[Data excerpts]

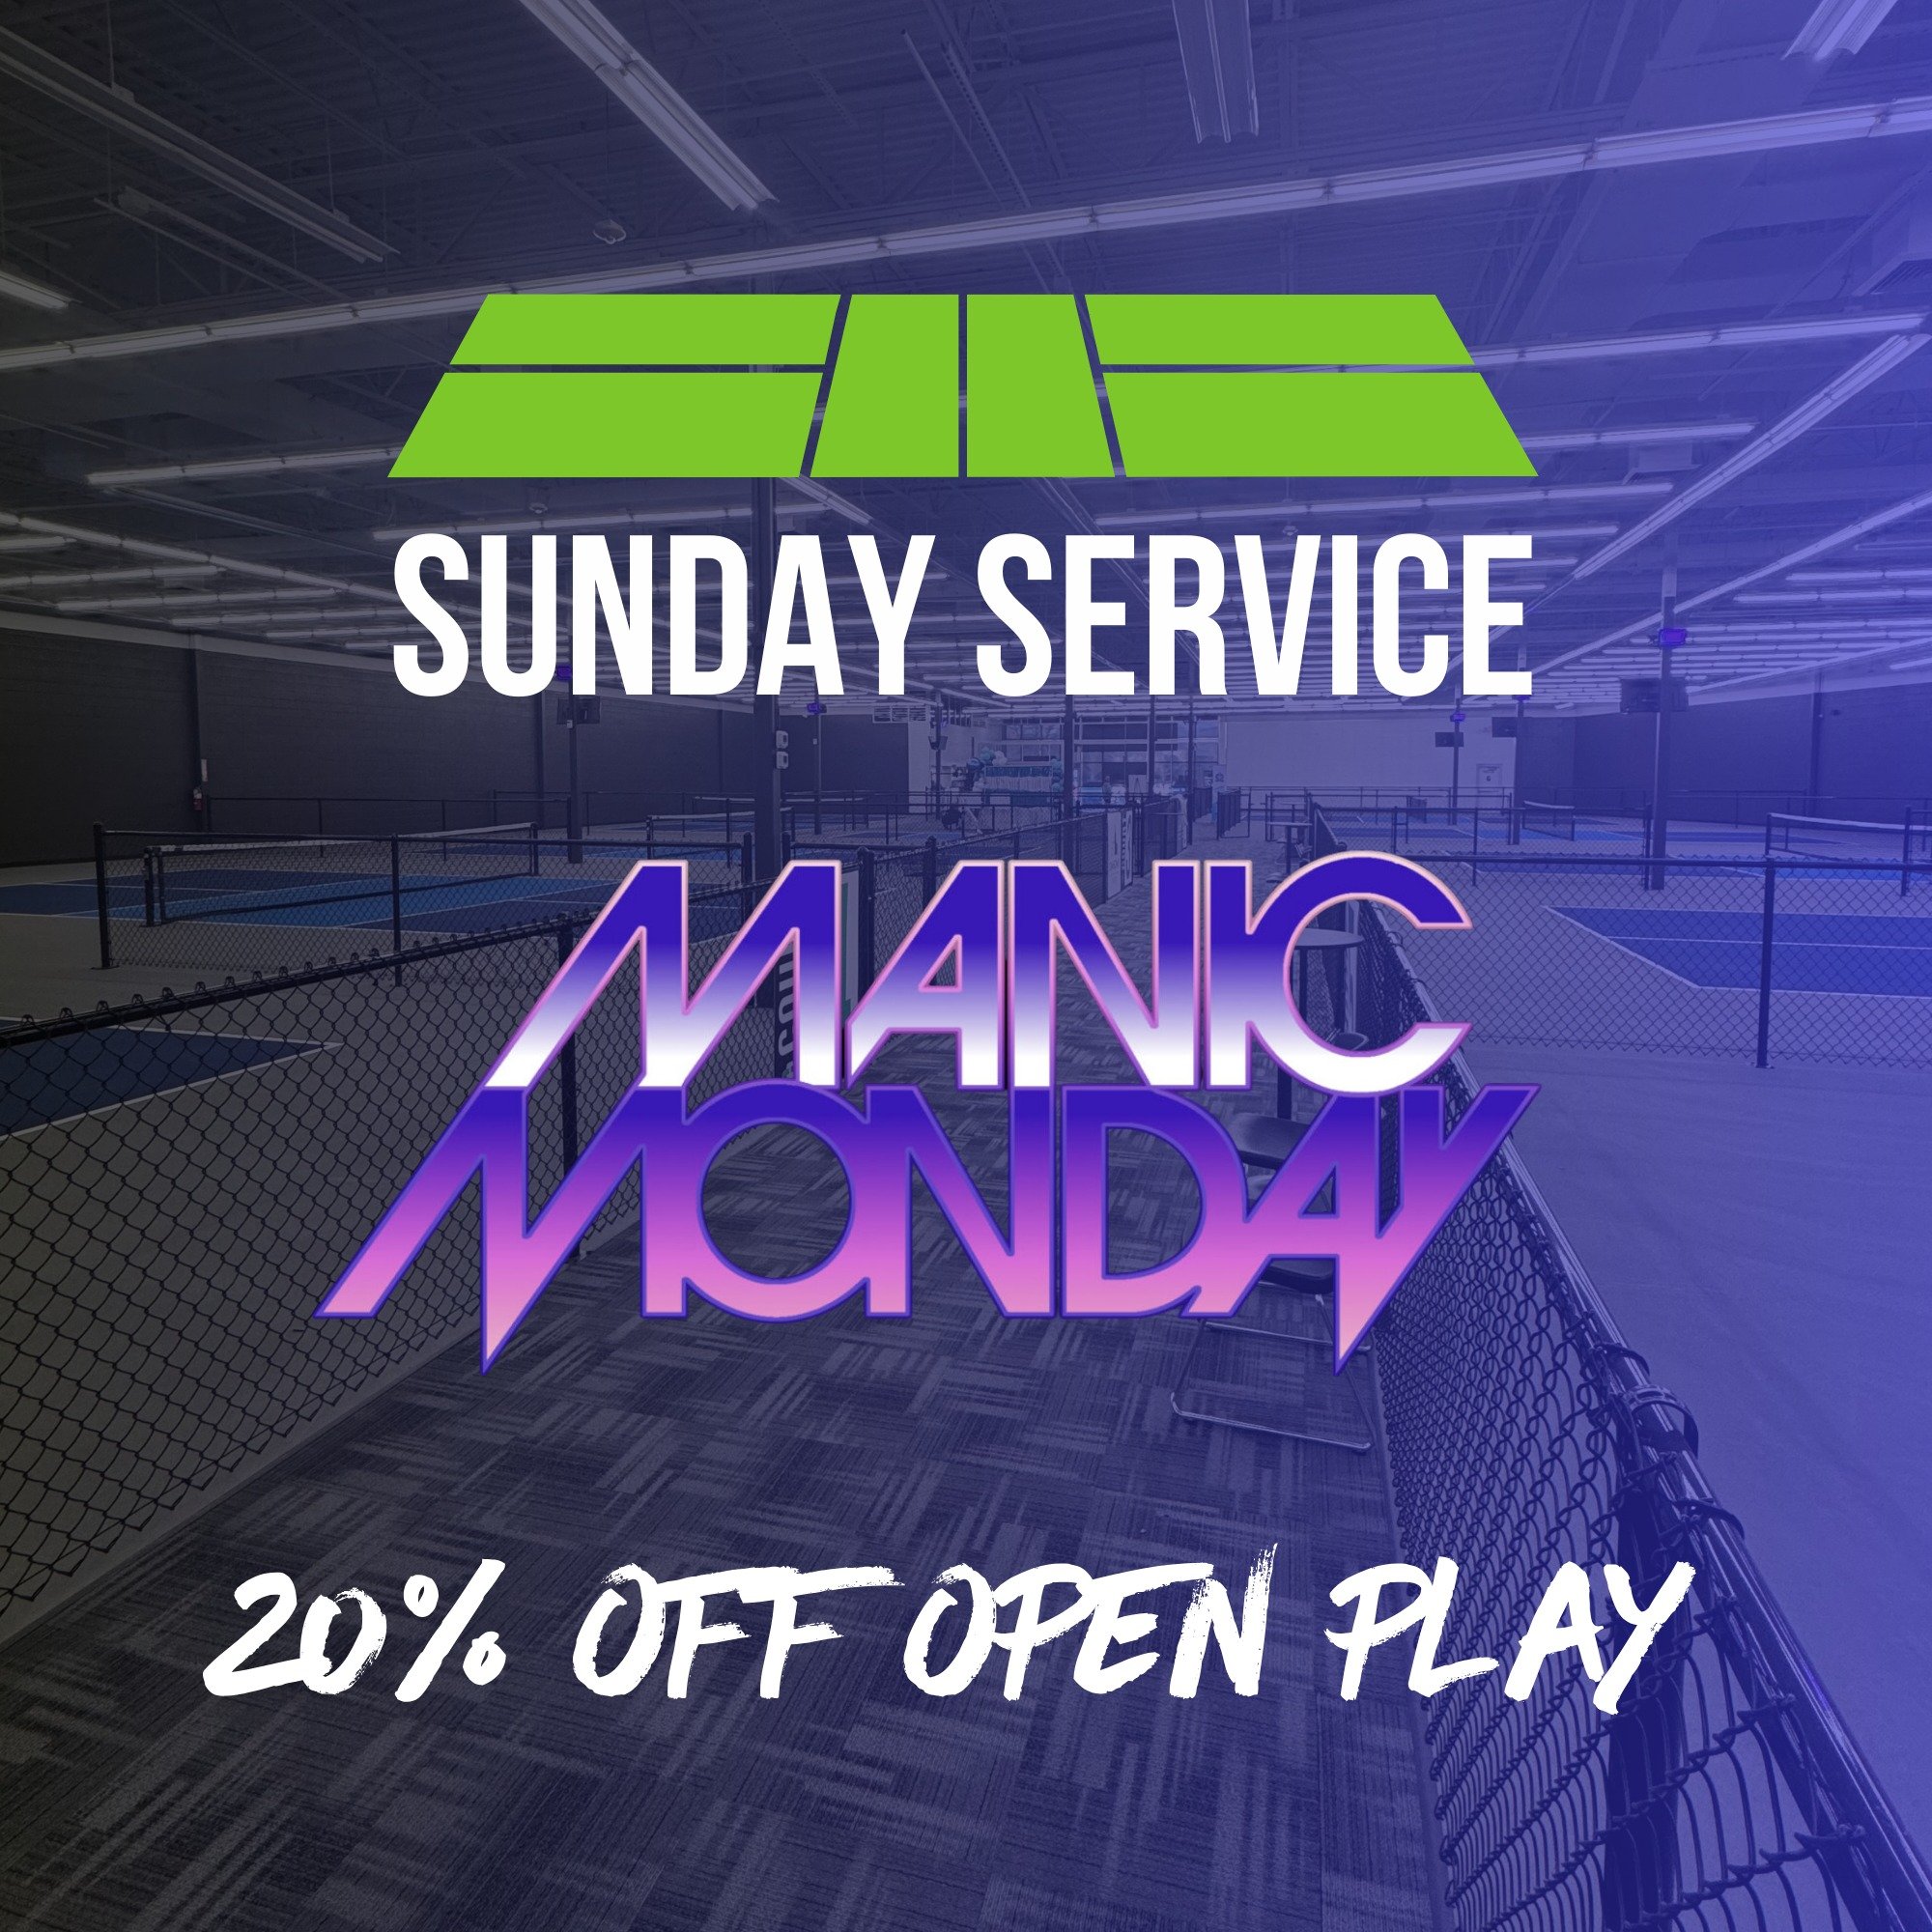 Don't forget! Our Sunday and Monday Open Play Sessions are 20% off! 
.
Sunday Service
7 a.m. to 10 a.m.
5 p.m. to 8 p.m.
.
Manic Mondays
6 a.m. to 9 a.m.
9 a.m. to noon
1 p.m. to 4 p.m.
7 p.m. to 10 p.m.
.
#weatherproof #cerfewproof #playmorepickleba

_REQUIREMENT_
Print the records above word for word, omitting any picture they contain.

_OUTPUT FOR THIS TASK_
 Don't forget! Our Sunday and Monday Open Play Sessions are 20% off! 
.
Sunday Service
7 a.m. to 10 a.m.
5 p.m. to 8 p.m.
.
Manic Mondays
6 a.m. to 9 a.m.
9 a.m. to noon
1 p.m. to 4 p.m.
7 p.m. to 10 p.m.
.
#weatherproof #cerfewproof #playmorepickleba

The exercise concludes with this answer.